Experimental backbones are concentrated between 1.5B–8B; the capacity and gains of latent memory on larger models remain to be verified.
The "Human-like Memory Hierarchy" is based on attributional interpretation from posterior intervention; causal evidence remains relatively weak.

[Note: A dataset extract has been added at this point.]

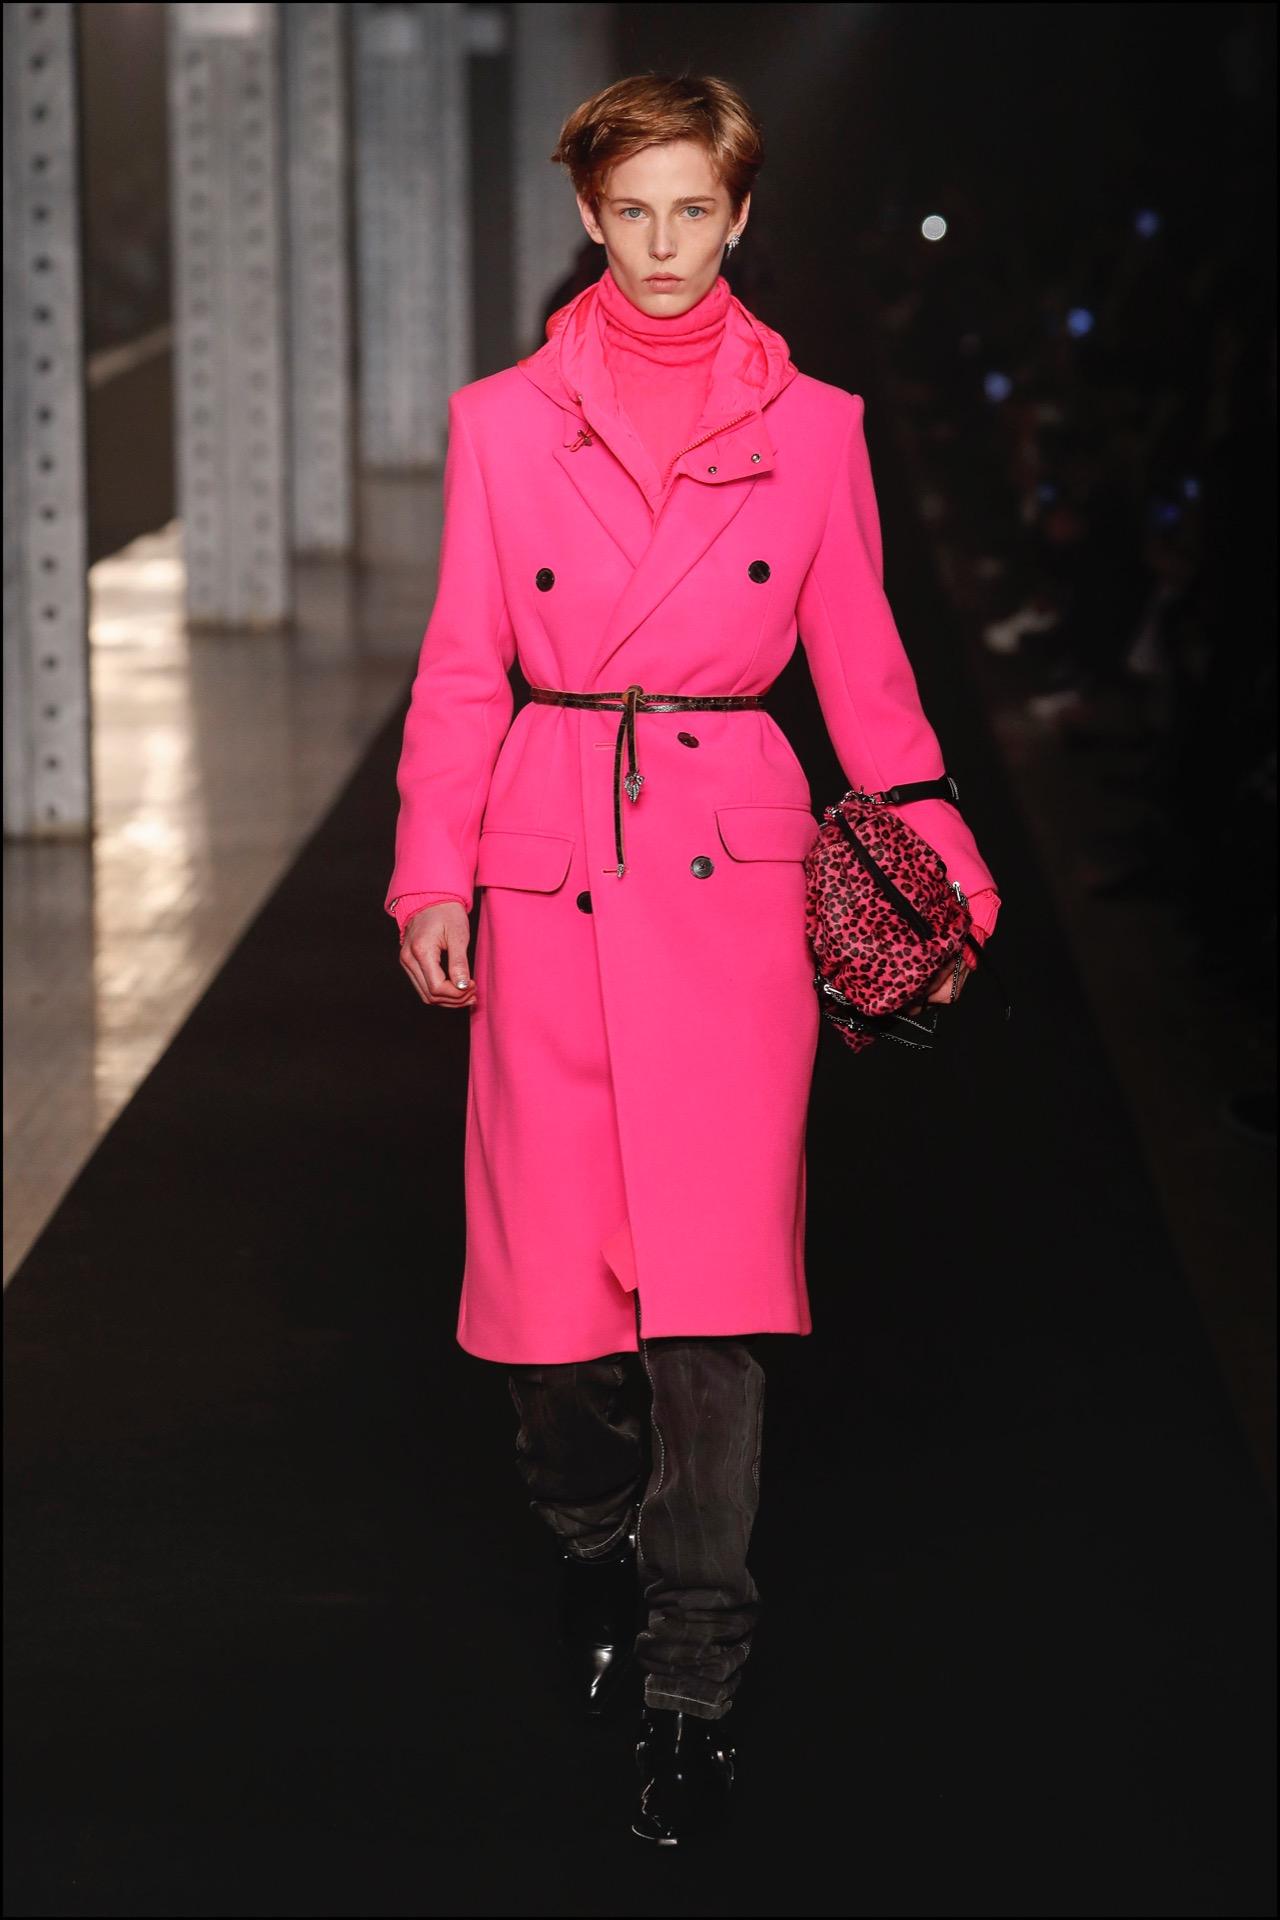 En el desfile deZadig & VoltaireenNew York Fashion Week, se desfiló este outfit con cinturón finito.
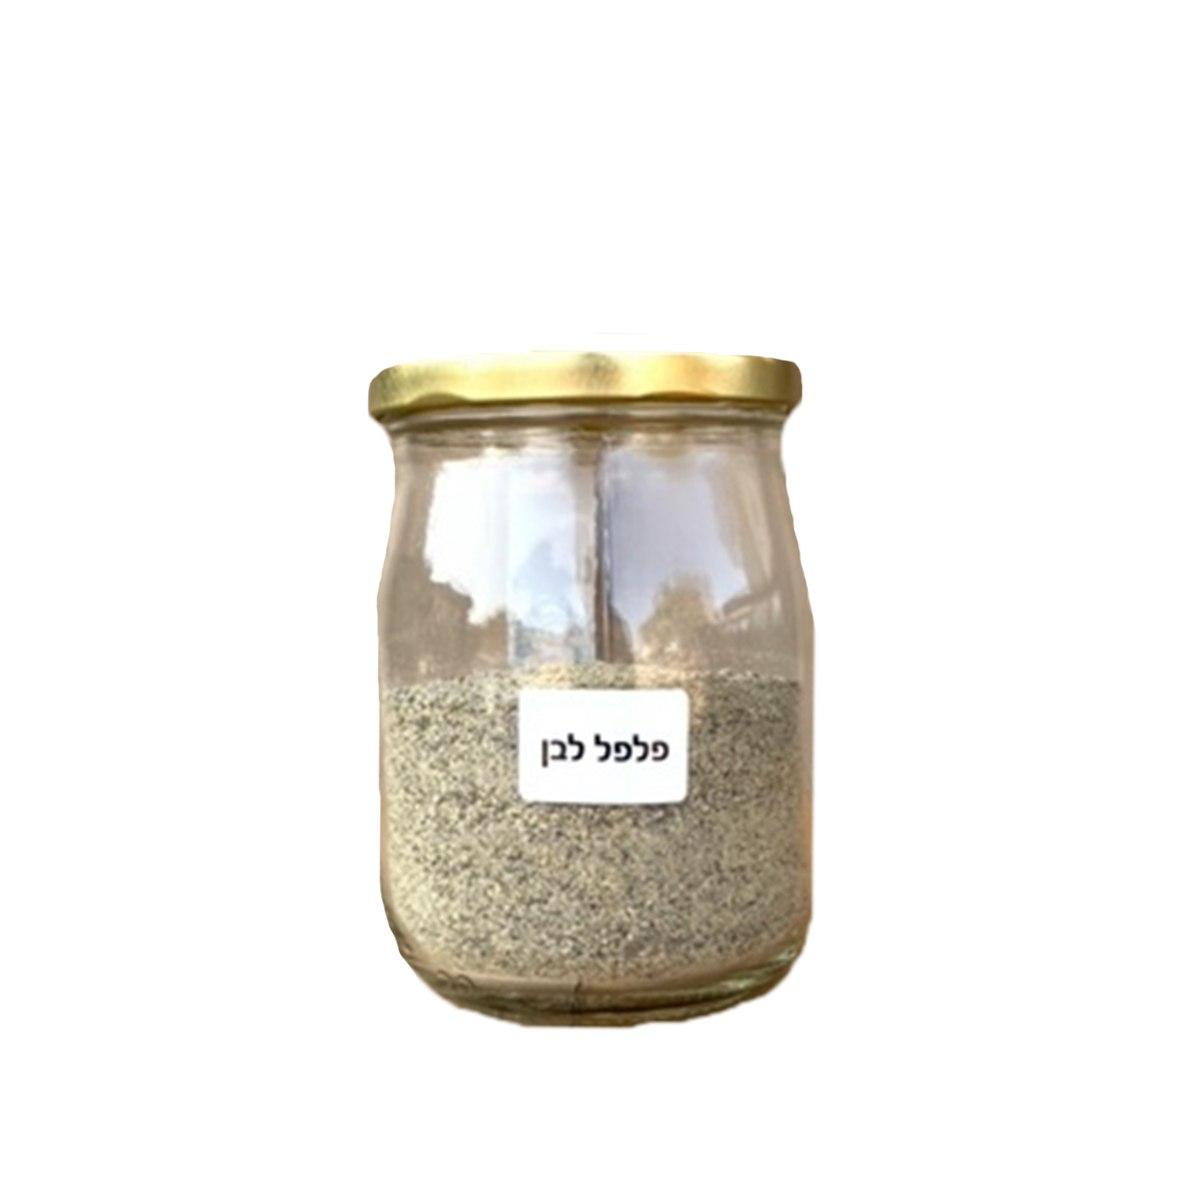 צנצנת פלפל לבן 200 גרם

Parametric Memory (FireAct, AgentLumos, Agent-FLAN): Experience enters parameters; powerful but prone to forgetting.
Retrieval-based Memory (Mem0, AWM, ExpeL, MemoryBank, G-Memory, AgentKB): Experience is externalized into databases; no forgetting but remains rigid.
Latent / Latent Computation (Coconut, CODI, CoLaR, SoftCoT, LatentSeek, Co-processor): Using latent states for native reasoning or modulating generation. MemGen belongs to this lineage but emphasizes reasoning-memory interleaving and generative reconstruction.
Insight: Upgrading "memory" from static data/parameters to an "on-demand generative cognitive module" controlled by metacognitive signals provides a new path for self-evolving agents to learn continuously without modifying the backbone.

Rating¶

Novelty: ⭐⭐⭐⭐⭐ "Generative latent memory + token-level metacognitive triggering + frozen backbone dual LoRA" represents a substantive restructuring of the agent memory paradigm and unexpectedly reveals emergent functionally differentiated memory hierarchies.
Experimental Thoroughness: ⭐⭐⭐⭐ 9 datasets across 5 domains, 12 baselines, and 3 backbones. Covers main experiments, generalization, continual learning, and mechanism analysis comprehensively; trade-offs on larger models and latency could be further explored.
Writing Quality: ⭐⭐⭐⭐⭐ The cognitive metaphor of "memory-reasoning interleaving" is consistently maintained. Figures 1 and 2 provide clear comparisons, and the RQ-driven structure ensures a smooth read.
Value: ⭐⭐⭐⭐⭐ Simultaneously addresses the twin pain points of forgetting and rigidity. The method is decoupled from optimization algorithms and backbones, allowing for plug-and-play use, which is highly significant for the self-evolving agent and memory system communities.